Dario Argento - Soupirs dans un Corridor Lointain
Dario Argento - Soupirs dans un Corridor Lointain
Vingt ans séparent les deux parties de ce film portrait consacré à Dario Argento. Tourné à Turin puis à Rome entre 2000 et 2019, Soupirs dans un corridor lointain cale son pas sur l'un des cinéastes les plus marquants de ces quarante dernières années. Ses obsessions, son travail, ses souvenirs, ses hantises, son rapport à la ville éternelle, les blessures de l'Histoire italienne, et puis le temps qui passe...
L'AVIS :
Quiconque a vu les films de Dario Argento, notamment ceux réalisés dans la décennie 70 et 80, ne peut qu'être tombé amoureux de ce cinéaste qui va se révéler être un véritable auteur, un véritable conteur d'histoires, un véritable amoureux de l'esthétisme au cinéma.

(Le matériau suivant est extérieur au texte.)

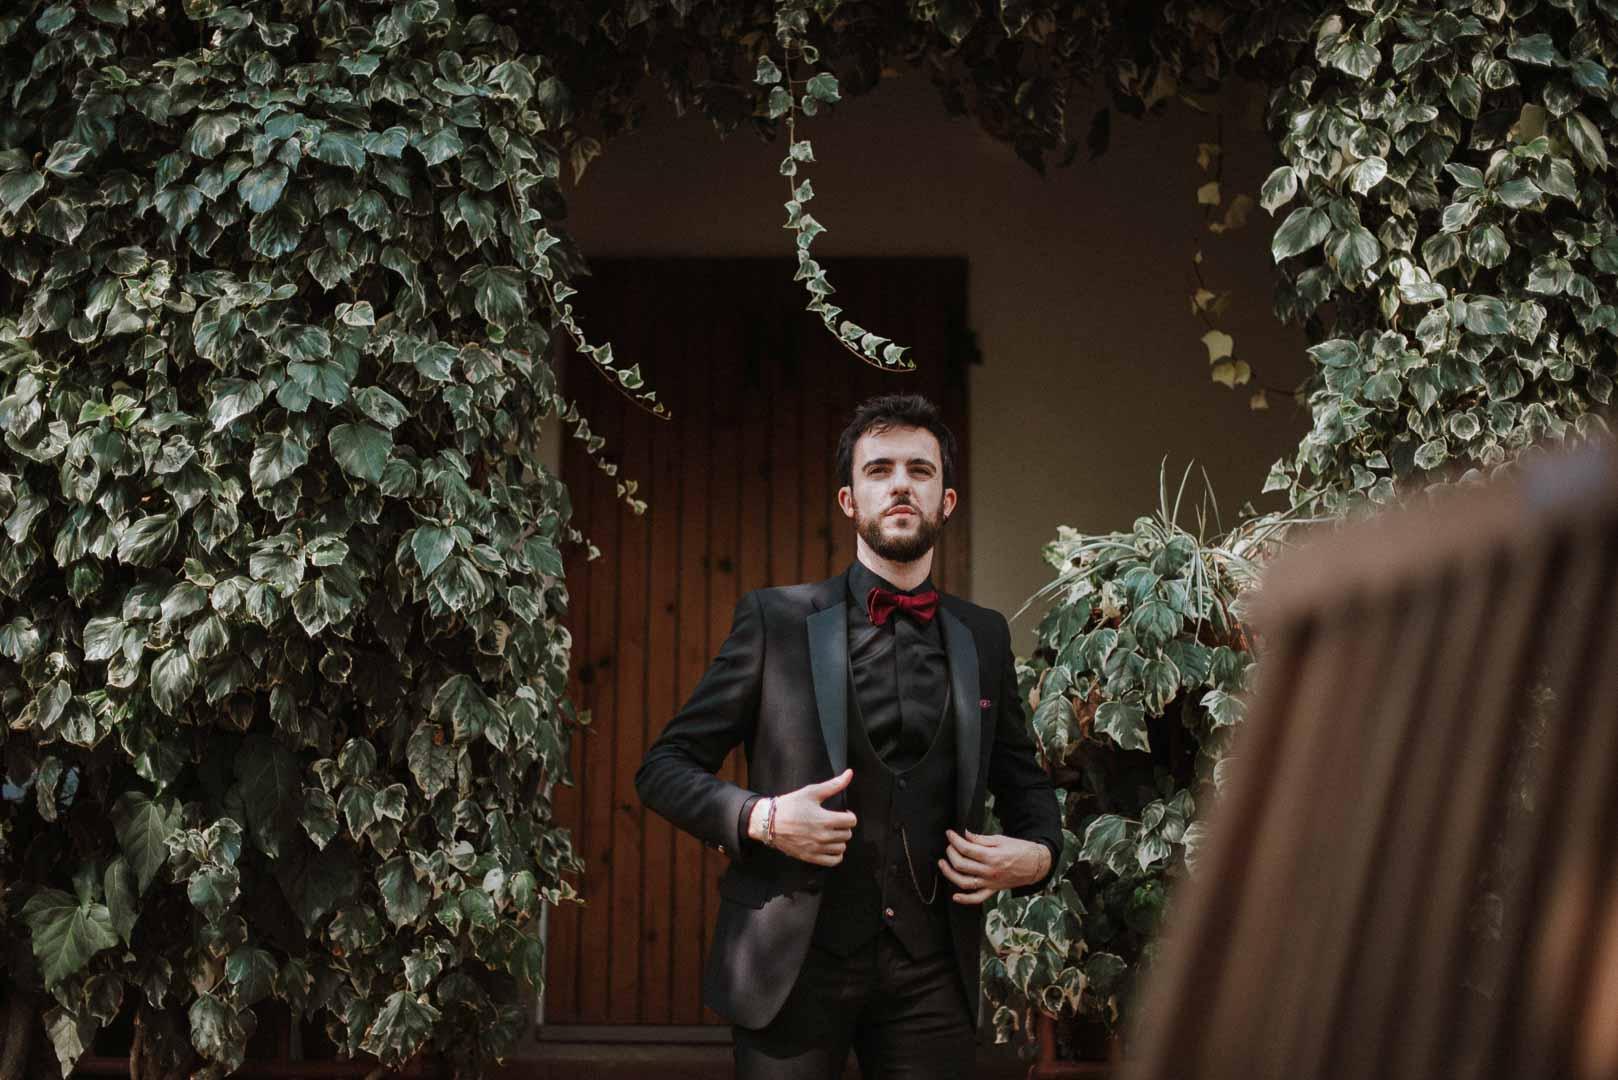 wedding-photographer-destination-fineart-bespoke-reportage-tuscany-villascorzi-vivianeizzo-spazio46-11

L'Oiseau au Plumage de Cristal, Le Chat à Neuf Queues, 4 Mouches de Velours Gris, Les Frissons de l'Angoisse, Suspiria, Inferno, Ténèbres, Phenomena ou Opéra ont su l'imposer dans la cour des grands et lui constituer une horde de fans fidèles et dévoués, qui lui pardonneront une relative baisse de régime durant les décennies 90, 2000 et 2010, avec des œuvres certes moins abouties, moins prestigieuses mais qui possèdent toutes la patte Argento, qui possèdent toutes des visions de fulgurance visuelle dont lui seul a le secret.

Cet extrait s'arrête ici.